= Mathematics and God =

Connections between mathematics and God include the use of mathematics in arguments about the existence of God and about whether belief in God is beneficial.

==Mathematical arguments for God's existence==
In the 1070s, Anselm of Canterbury, an Italian medieval philosopher and theologian, created an ontological argument which sought to use logic to prove the existence of God. A more elaborate version was given by Gottfried Leibniz in the early eighteenth century. Kurt Gödel created a formalization of Leibniz' version, known as Gödel's ontological proof.

A more recent argument was made by Stephen D. Unwin in 2003, who suggested the use of Bayesian probability to estimate the probability of God's existence, and was also criticized.

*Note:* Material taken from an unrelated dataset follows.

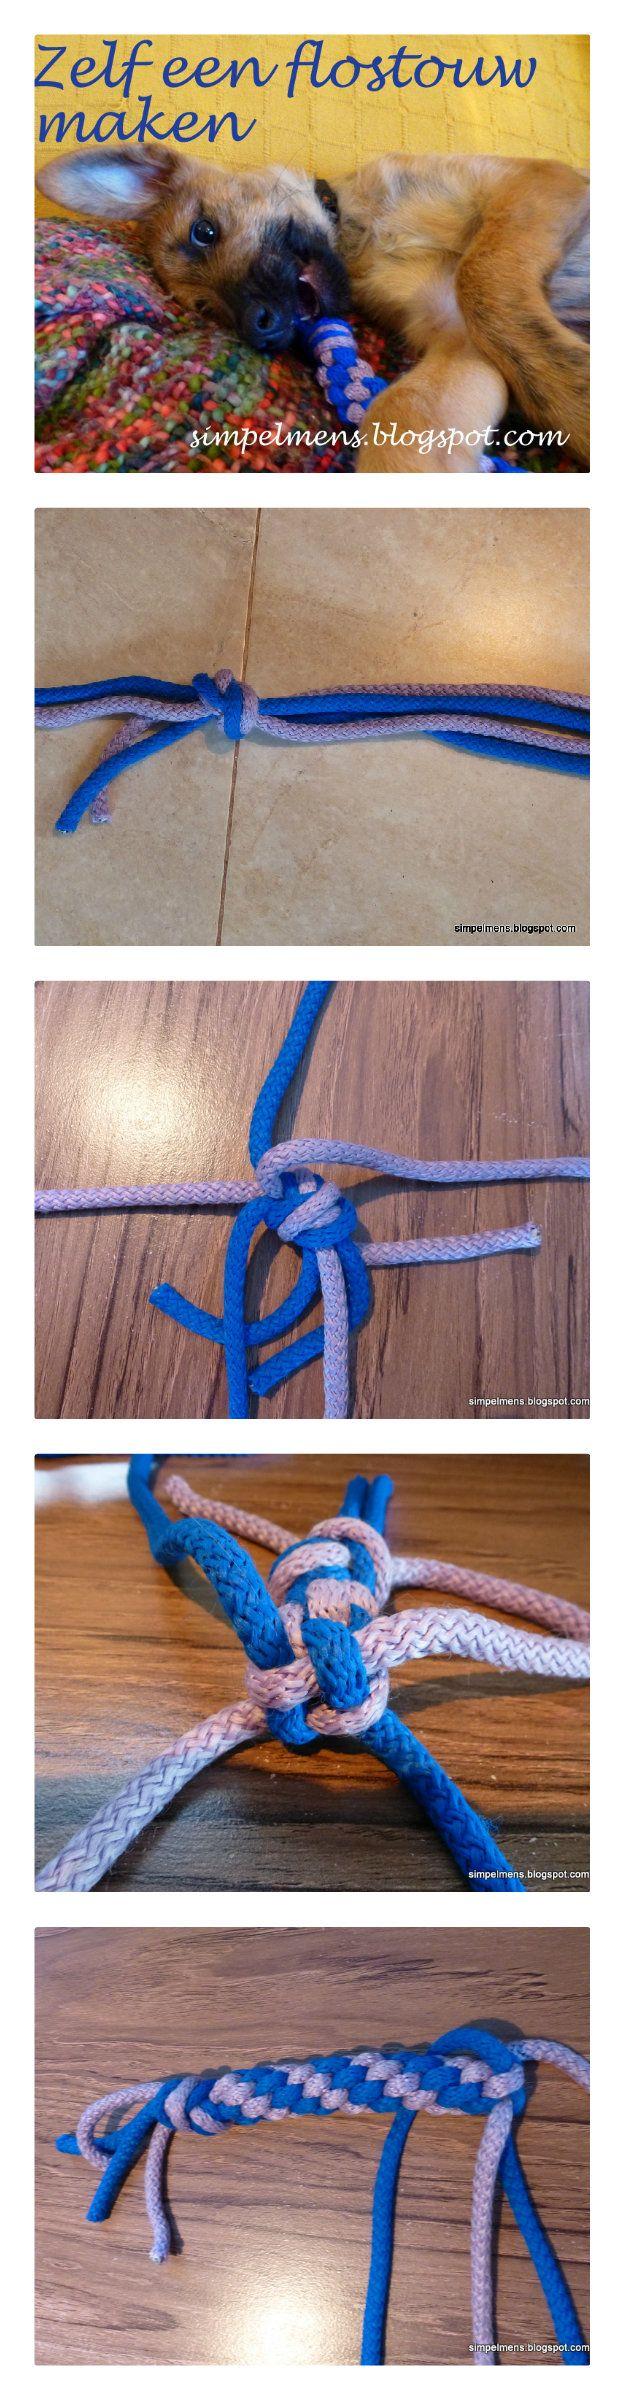 zelf speeltje maken voor de hond met touw - http://simpelmens.blogspot.com.es/2015/02/zelf-speelgoed-maken-voor-je-puppy.html

==Mathematical arguments for belief==
A common application of decision theory to the belief in God is Pascal's wager, published by Blaise Pascal in his 1669 work Pensées. The application is a defense of Christianity stating that "If God does not exist, the Atheist loses little by believing in him and gains little by not believing. If God does exist, the Atheist gains eternal life by believing and loses an infinite good by not believing". The atheist's wager has been proposed as a counterargument to Pascal's Wager. The Pascal's wager itself has faced numerous criticisms, and some have reformulated the argument by proposing an evil God that sends people who believe in him to Hell.